# Need help removing a bandage



## jakeandrenee (Apr 30, 2010)

Jake has his one rear floppy dew claw removed Monday but the vet really did an amazing job with taping the bandage to make it chew proof. My problem is in the morning I have to try to remove it....I don't have blunt tipped scissors to try to cut it off. Any suggestions? I have read that some will use warm water but I don't think that would get past all the adhesive and he does have stitches that won't be removed until next week. I also read mineral oil? Help it's a lot of tape and I don't want to hurt him or aggravate the site.


----------



## Rerun (Feb 27, 2006)

Will he not lay still enough for you to safely use regular sissors?


----------



## jakeandrenee (Apr 30, 2010)

I don't know it A LOT of tape....I can't believe how well she wrapped him up.
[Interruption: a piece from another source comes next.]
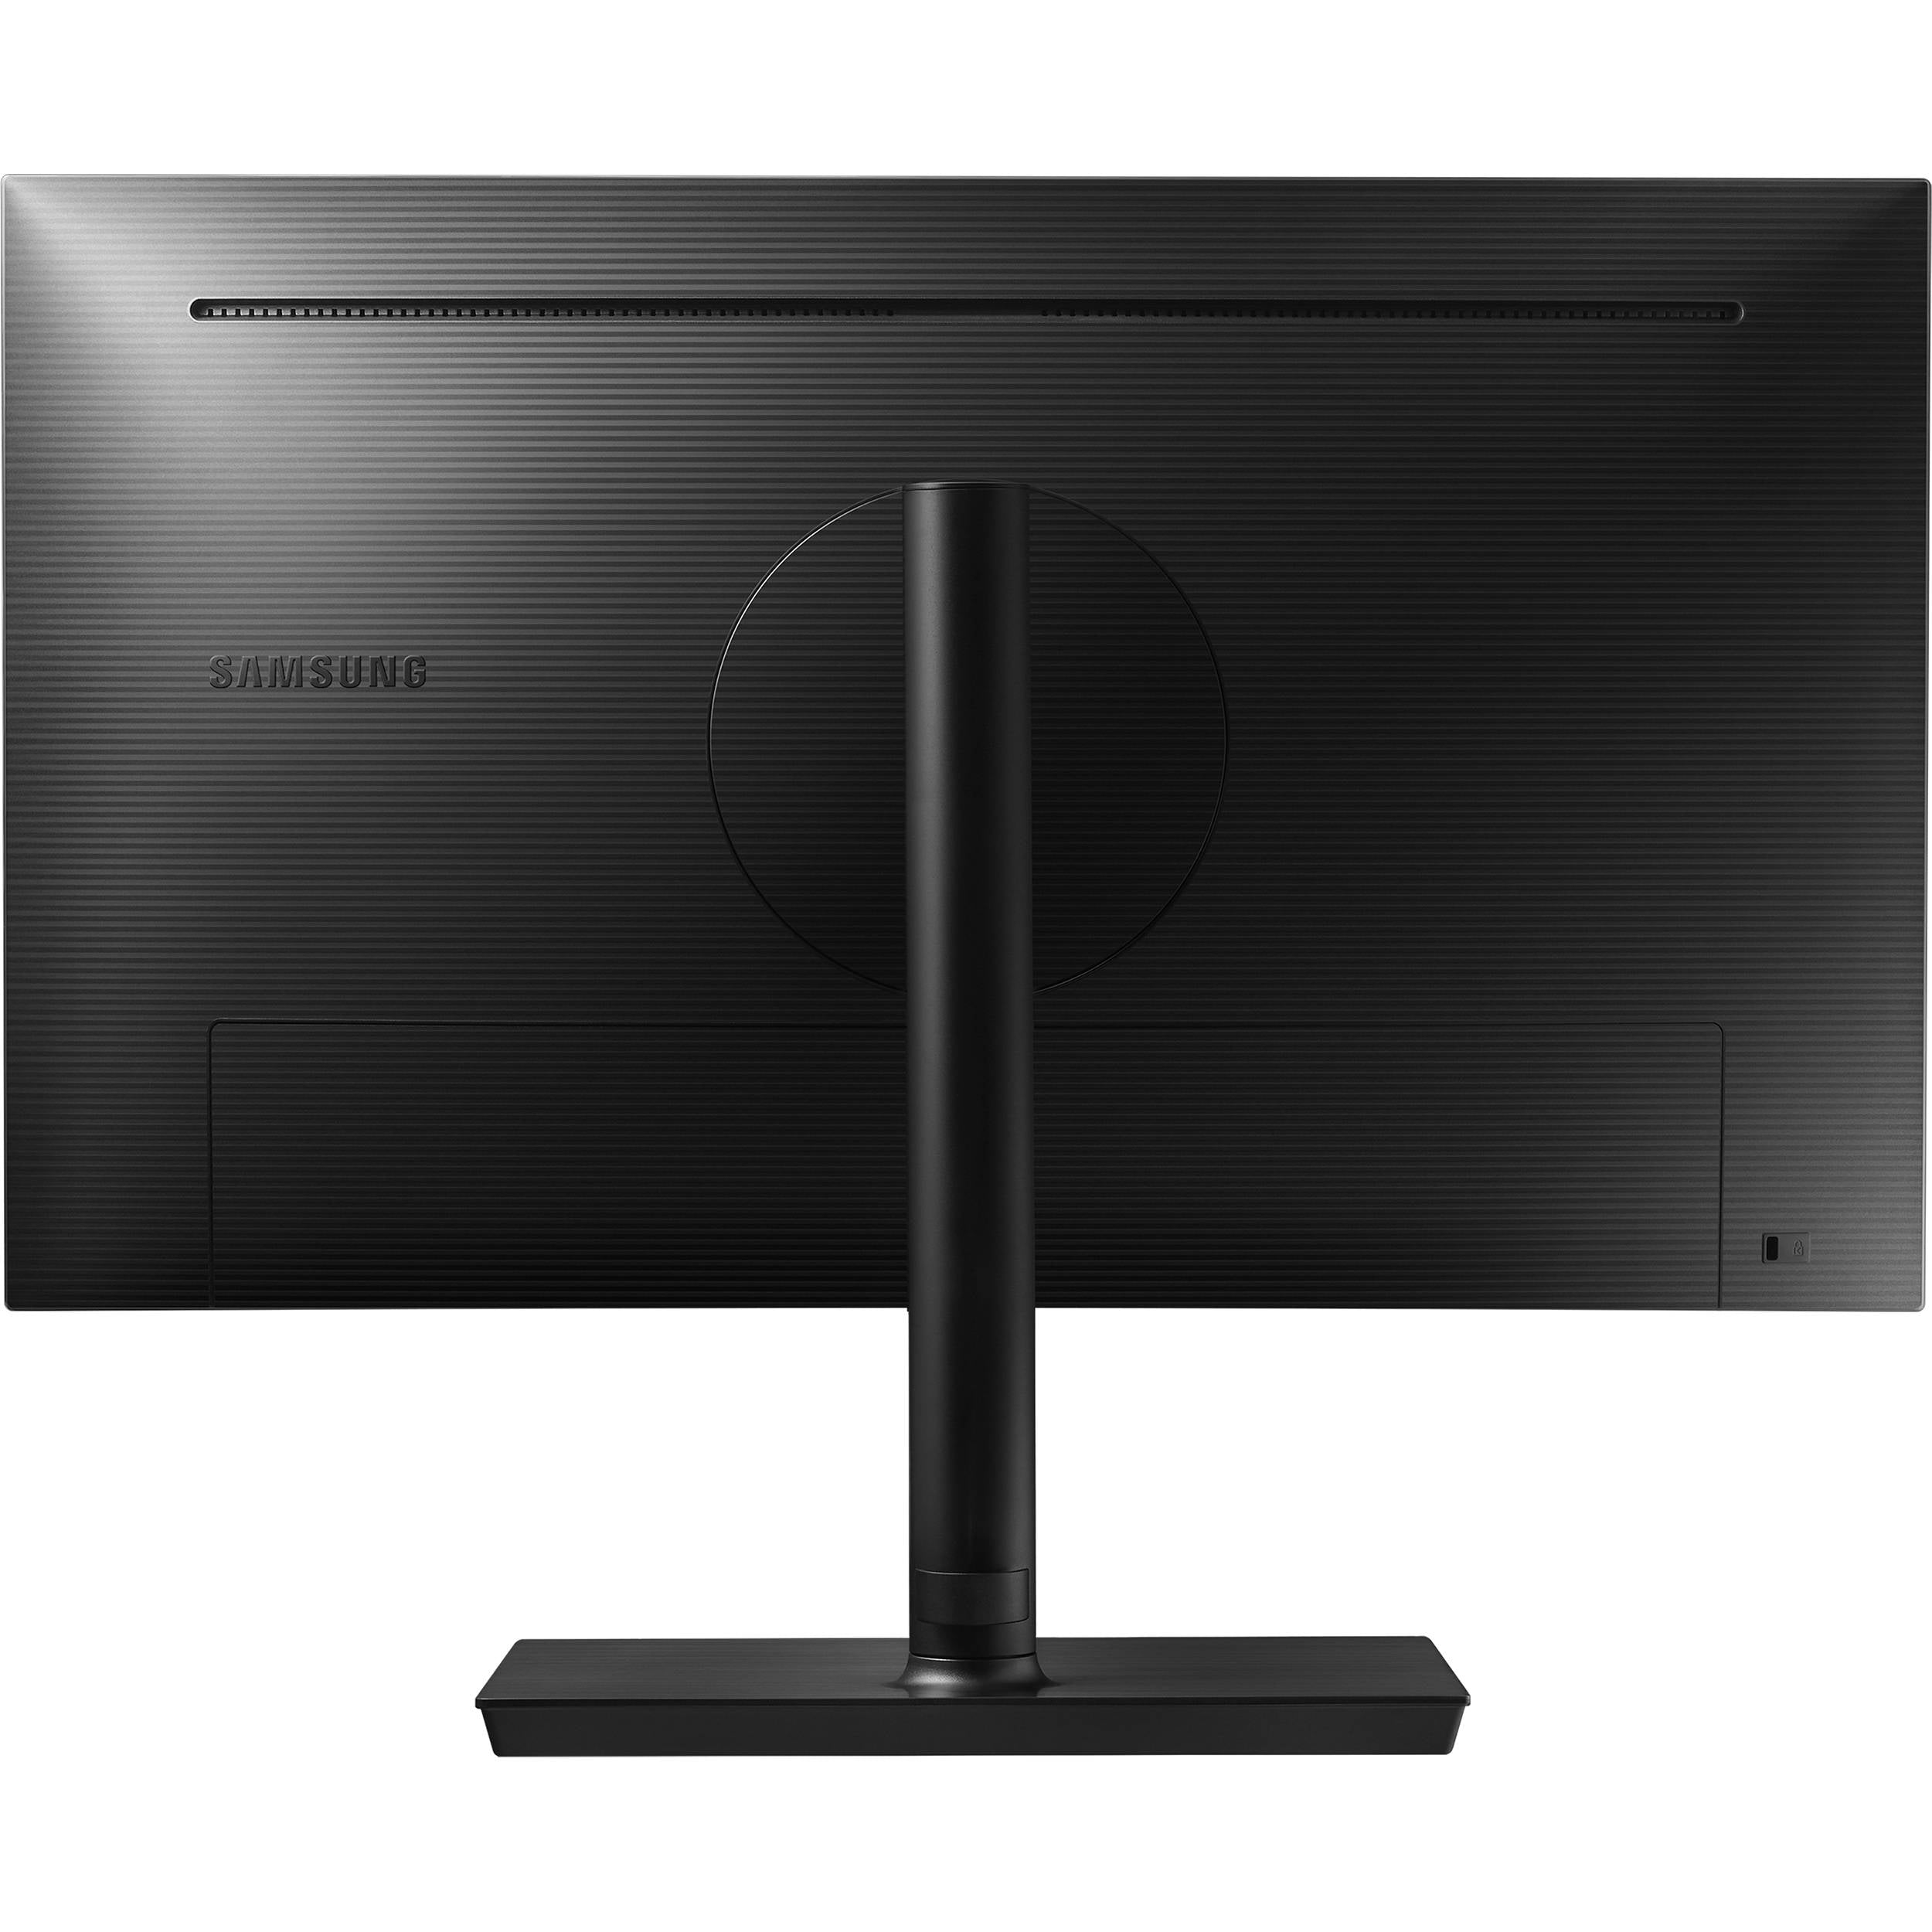 Samsung LS27H650FDNXZA 27" SH650 Series 1920 x 1200 60Hz LED Monitor for Business - Certified Refurbished

I dont know how to get the scissors going because it's so sticky....


----------



## MaggieRoseLee (Aug 17, 2001)

Did the vet ask you to take it off?


----------



## jakeandrenee (Apr 30, 2010)

Yes the vet told me to remove in 3 days and come back in 7 to 10 days for the stitches. 
I guess I am going to try a tiny bit of mineral oil on a qtip near the areas that are on the edges to get a place I can cut going, the tape is so stuck to his fur...poor baby!I am sure the surgery area is well wrapped in gauze. I just have never seen so much tape....and I am stuffing a kong with ground beef tonight and freezing it so maybe that will buy me some time. Any other suggestions to loosen the adhesive other then oil?


----------



## AbbyK9 (Oct 11, 2005)

> My problem is in the morning I have to try to remove it....


It's an IQ test.  

I suppose the easiest way to do it would be to locate the end of the tape and un-tape it going the opposite way of how it was taped, if you cannot use regular scissors. 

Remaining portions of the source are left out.